The statement prohibits enterprises and individuals from setting up such banks for profit. The ministry has given authorization to only seven provincial-level health departments in the country.

It has been reported that saving cord blood is a form of life insurance, as cord blood has abundant stem cells which can produce red and white cells as well as blood platelets. The latter are invaluable for the treatment of some leukemias and cancer.

Experts estimated four out of 100,000 people develop a blood disease in their lifetime. A patient is less likely to suffer from rejection during a blood transfusion if his own cord blood is used.   

An enterprise in Tianjin, a neighboring city of Beijing, aims to have 500,000 samples in its blood bank.

Several academicians with the Chinese Academy of Sciences have raised doubts about the so-called "life banks" because of the feasibility and cost.

Tang Peixuan, Vice Director of China Experimental Blood Society, says, "Babies with congenital diseases are likely to have latent morbid cells in their cord blood, which will cause diseases after being implanted into a patient's body."

Li Guishan, an expert with a blood research center affiliated to China Medical Academy, says, "The amount of a baby's cord blood varies from 60 to 100 milliliters. This small quantity is enough for a child weighing 20 to 40 kg, but an adult would need twice that amount. And we haven't been able to increase cord blood amount with our present technology."

Experts also say costs for keeping blood samples are too expensive for an ordinary family to bear, when an annual maintenance fee of over 500 yuan (US$ 60.6)is necessary as well as an initial payment of 5,000 yuan (US$ 606).
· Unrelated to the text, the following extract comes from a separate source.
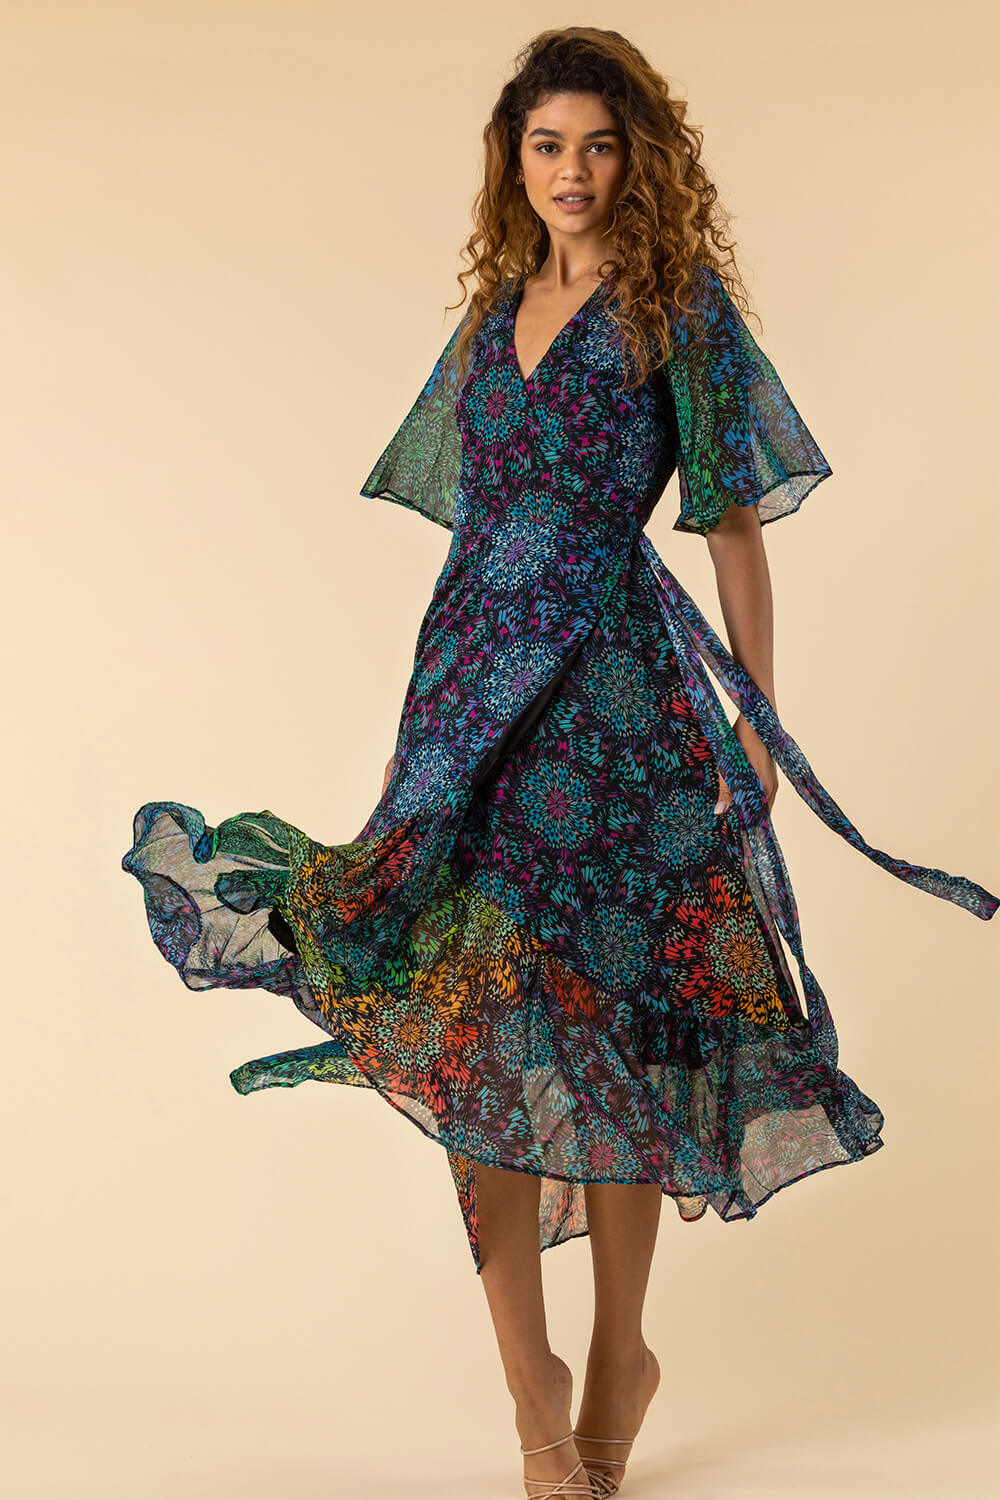 Roman Women's Abstract Print Maxi Wrap Dress|Size: 10
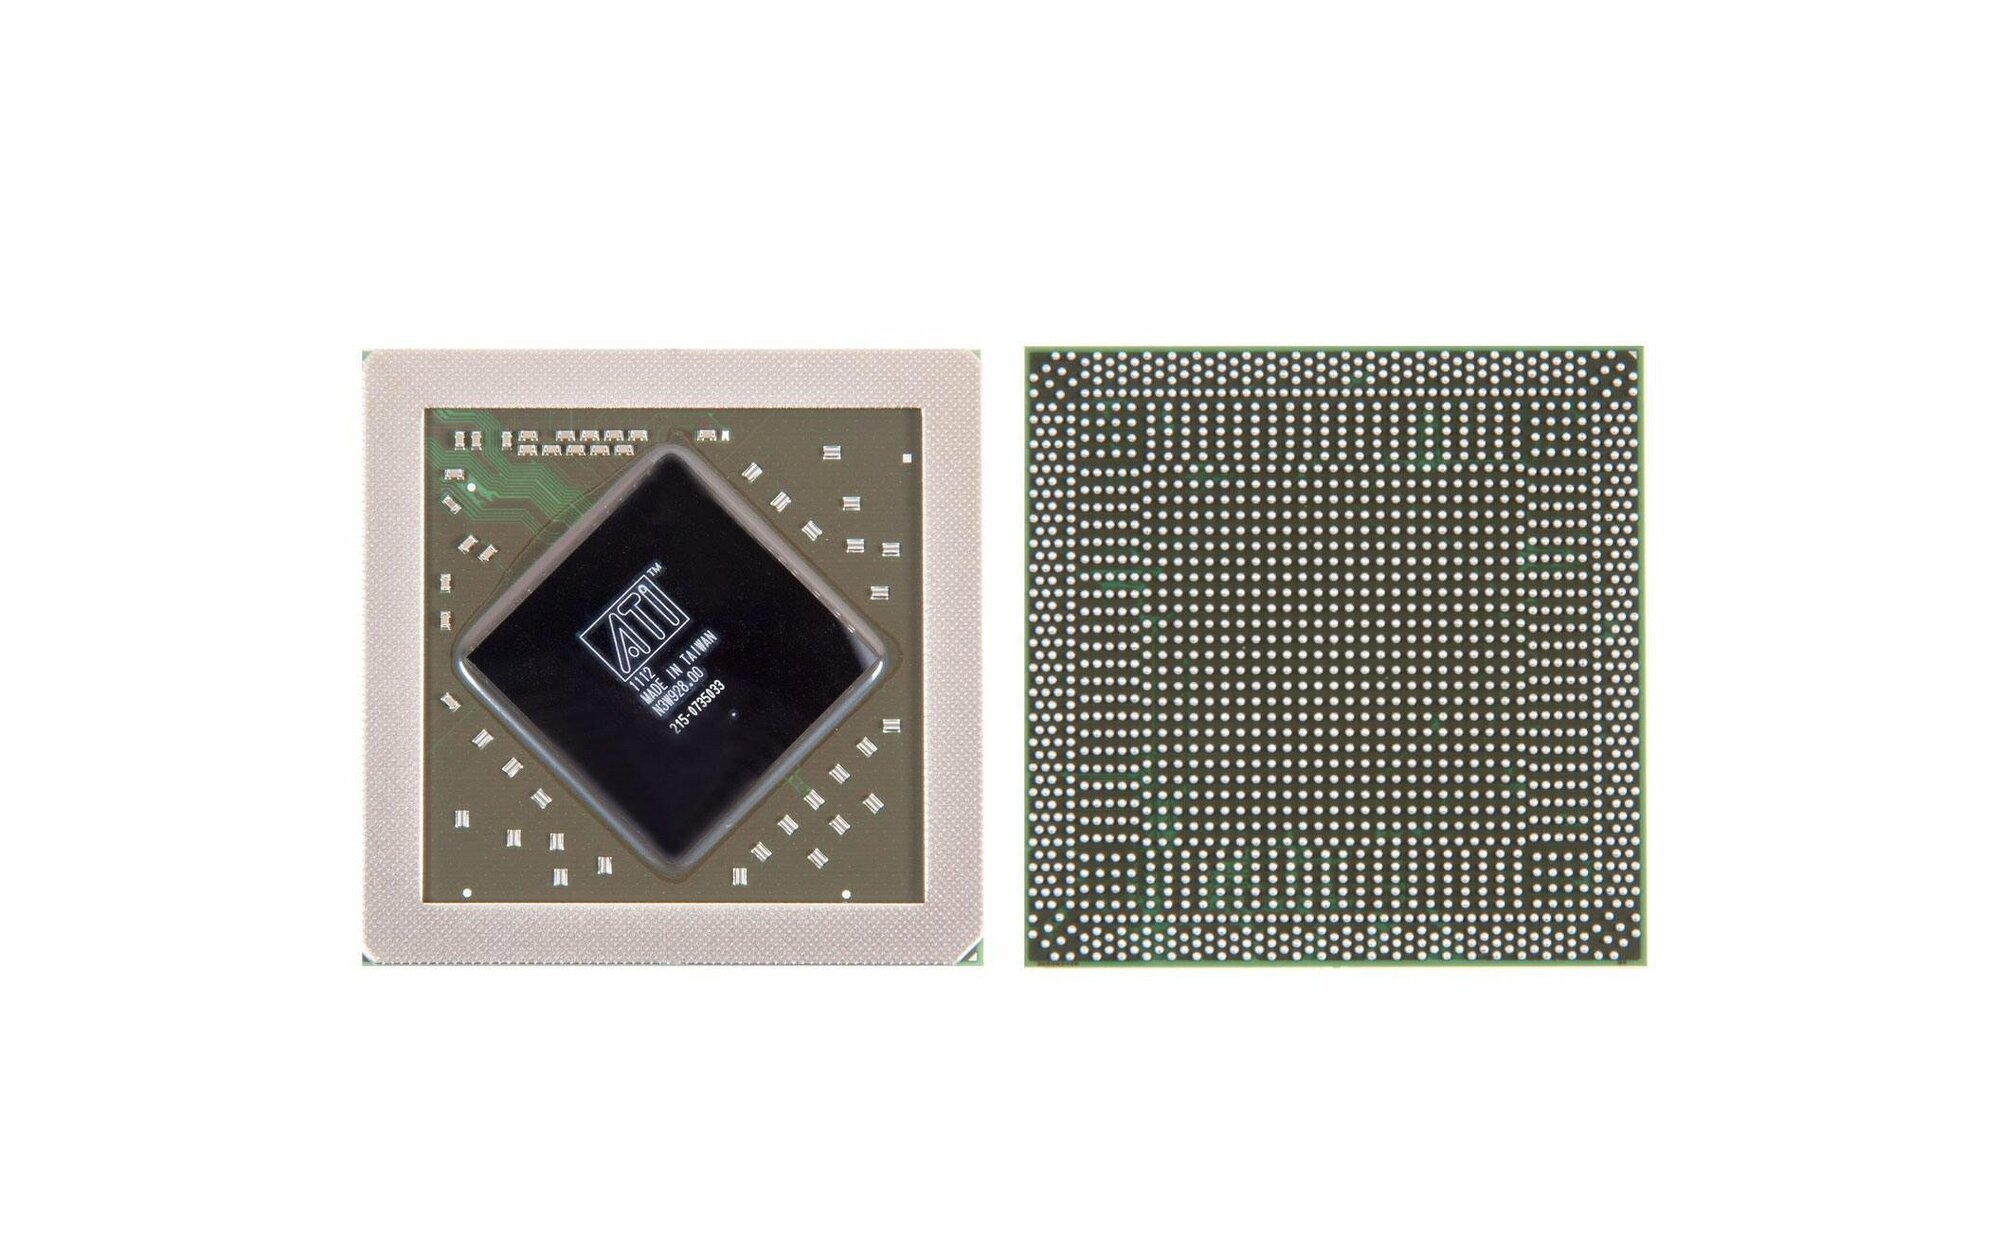 Видеочип AMD Mobility Radeon (video chip) HD5870 215-0735033

Han Zhongchao, one of the Tianjin cord blood bank initiators, said that only healthy stem cells will be accepted and cells with deficiencies could be modified with the development of genetic technology.

It is estimated that China has over 10,000 cord blood samples, representing one seventh of those in the world. Possessing close to 6,000 samples of cord blood, a center in east China's Shandong province, is the largest of its kind.

The Shandong cord blood bank has attracted many customers from Shandong and outside areas since last December. A father from Henan, a province close to Shandong, has delivered his baby's cord blood to the blood bank immediately after the infant's birth.

Sources from the Shandong bank say only 35 blood samples have been used in blood disease treatment, worldwide the figure is 1,200.